This is looking like baiting, honestly, but no I just have very strong opinions about cats and dogs, and I kind of wanted to start a debate or get support for not liking dogs much. That's all. I didn't get that, and I also got off topic anyway, as my original serious question was about becoming an animal behaviorist (or really just a trainer). Thanks at least for not getting "barking mad" like they perhaps did on another forum where I vented about not being too fond of dogs. I think I would like to keep the discussion from here on focused on my serious question, and I think I'll look for somewhere else to vent. 

I don't like the "dog hater" forums, as I think they have their place, and I generally have no issue with most animals and enjoy their company.


----------



## Guest (Jan 16, 2017)

catloveryes said:


> I kind of wanted to start a debate or get support for not liking dogs much


You came on a pet forum to get support for not liking dogs much? 
Do you hear yourself?

Take your quotes about dog lovers and dogs and change the word dog for cat.

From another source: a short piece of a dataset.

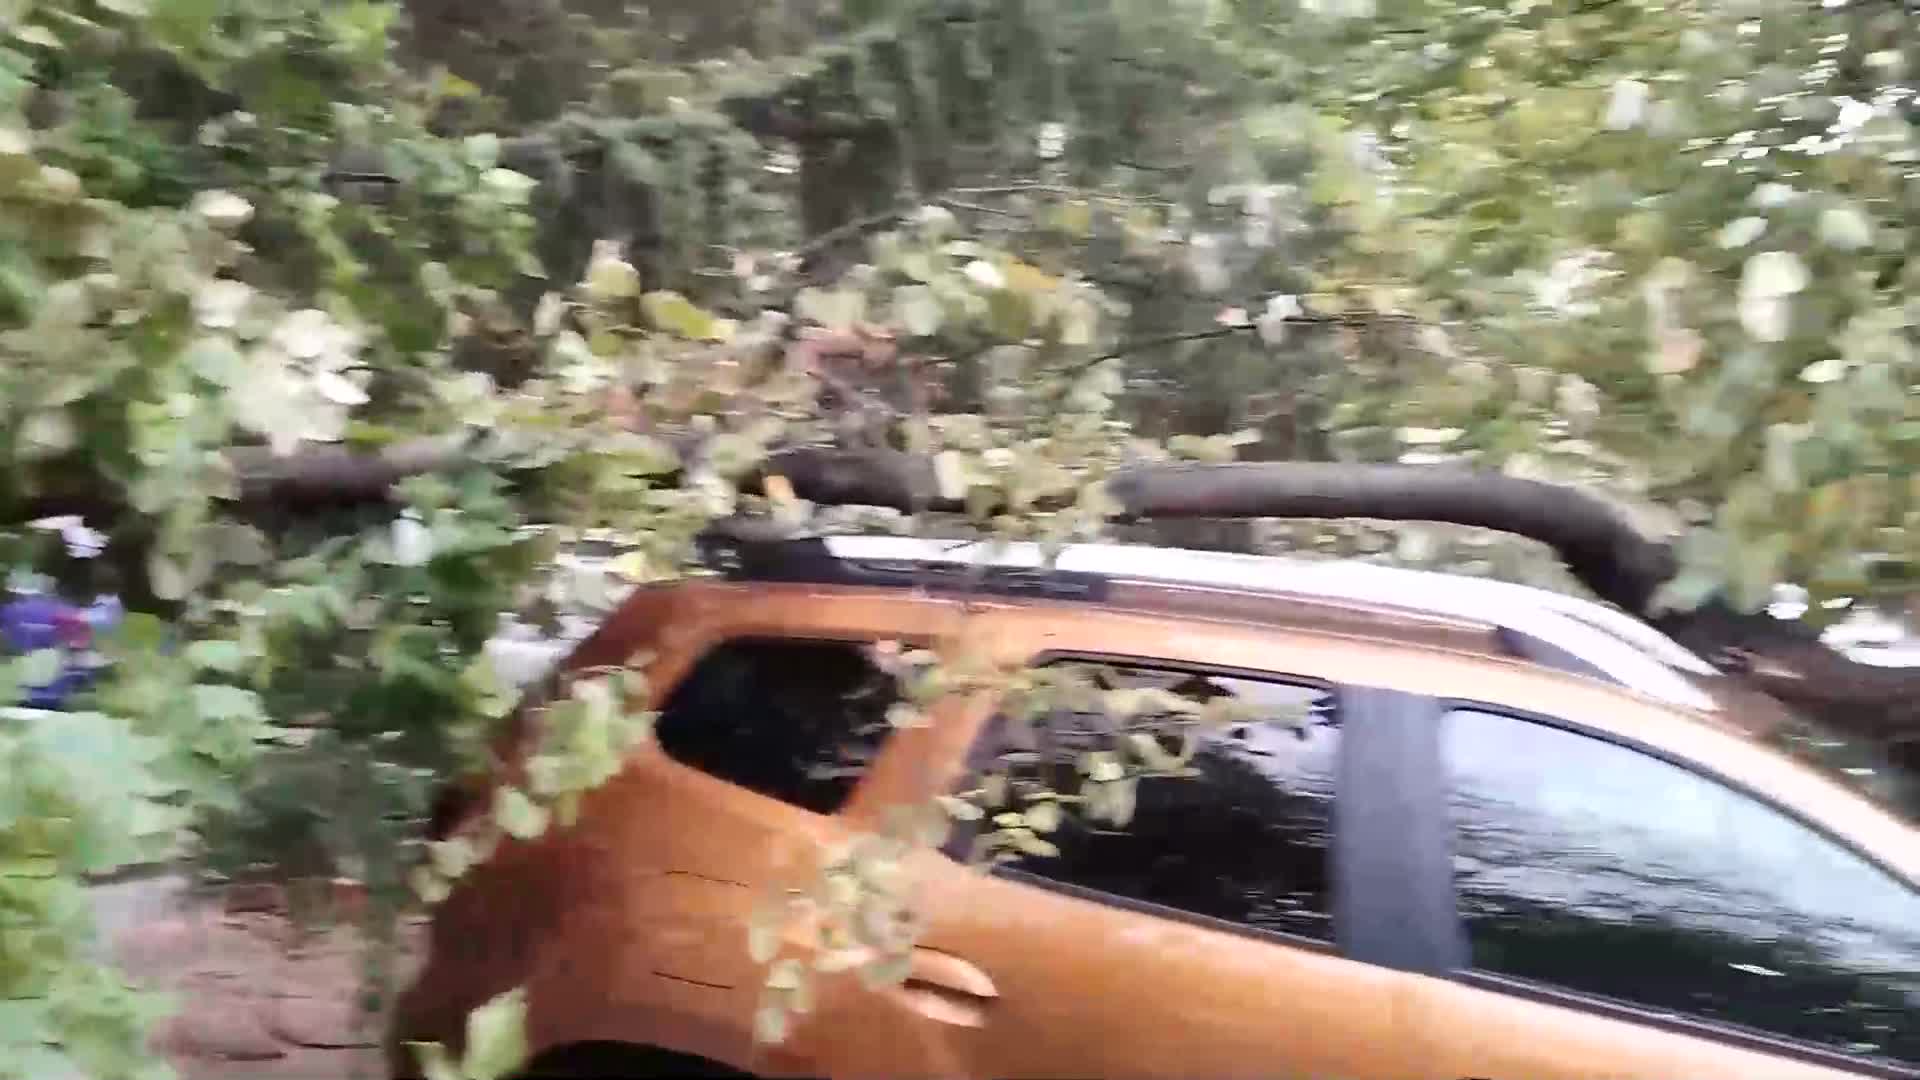 Дърво падна върху лек автомобил в Стара Загора

How does it feel?
You realize, you're doing the same thing with your attitude towards dogs that you're complaining about others doing with cats. 
IOW, you're basically doing the same thing with dogs that you find so distressing when it's done with cats. Same coin, different sides. Hate is hate. And hating an animal in such general terms can't be healthy....


----------



## Nonnie (Apr 15, 2009)

Personally, i think you need to grow the **** up (you come across as incredibly immature and childish) with your tit for tat 'omg catz are TEH. BESTEST.EVAR!, get your head out your ass, and stop being so ignorant and rude.


----------



## catloveryes (Jan 15, 2017)

ouesi said:


> You came on a pet forum to get support for not liking dogs much?
> Do you hear yourself?
> 
> Take your quotes about dog lovers and dogs and change the word dog for cat. How does it feel?
> ...


Yes, and I was kind of doing it on purpose just as a slap in the face to people who have that opinion about cats, but since no one is like that here and no one, apparently, has experienced enough of people doing that to cats to feel like my frustration is justified, that didn't work. I'm okay with going to vent somewhere else and just focusing on the serious question about becoming an animal trainer, here. I apologize to everyone for getting emotional. I can tell that most of you seriously don't share my opinion, which is disappointing, because I thought I could relate to cat lovers.


----------



## Guest (Jan 16, 2017)

catloveryes said:


> Yes, and I was kind of doing it on purpose just as a slap in the face to people who have that opinion about cats, but since no one is like that here and no one, apparently, has experienced enough of people doing that to cats to feel like my frustration is justified, that didn't work. I'm okay with going to vent somewhere else and just focusing on the serious question about becoming an animal trainer, here.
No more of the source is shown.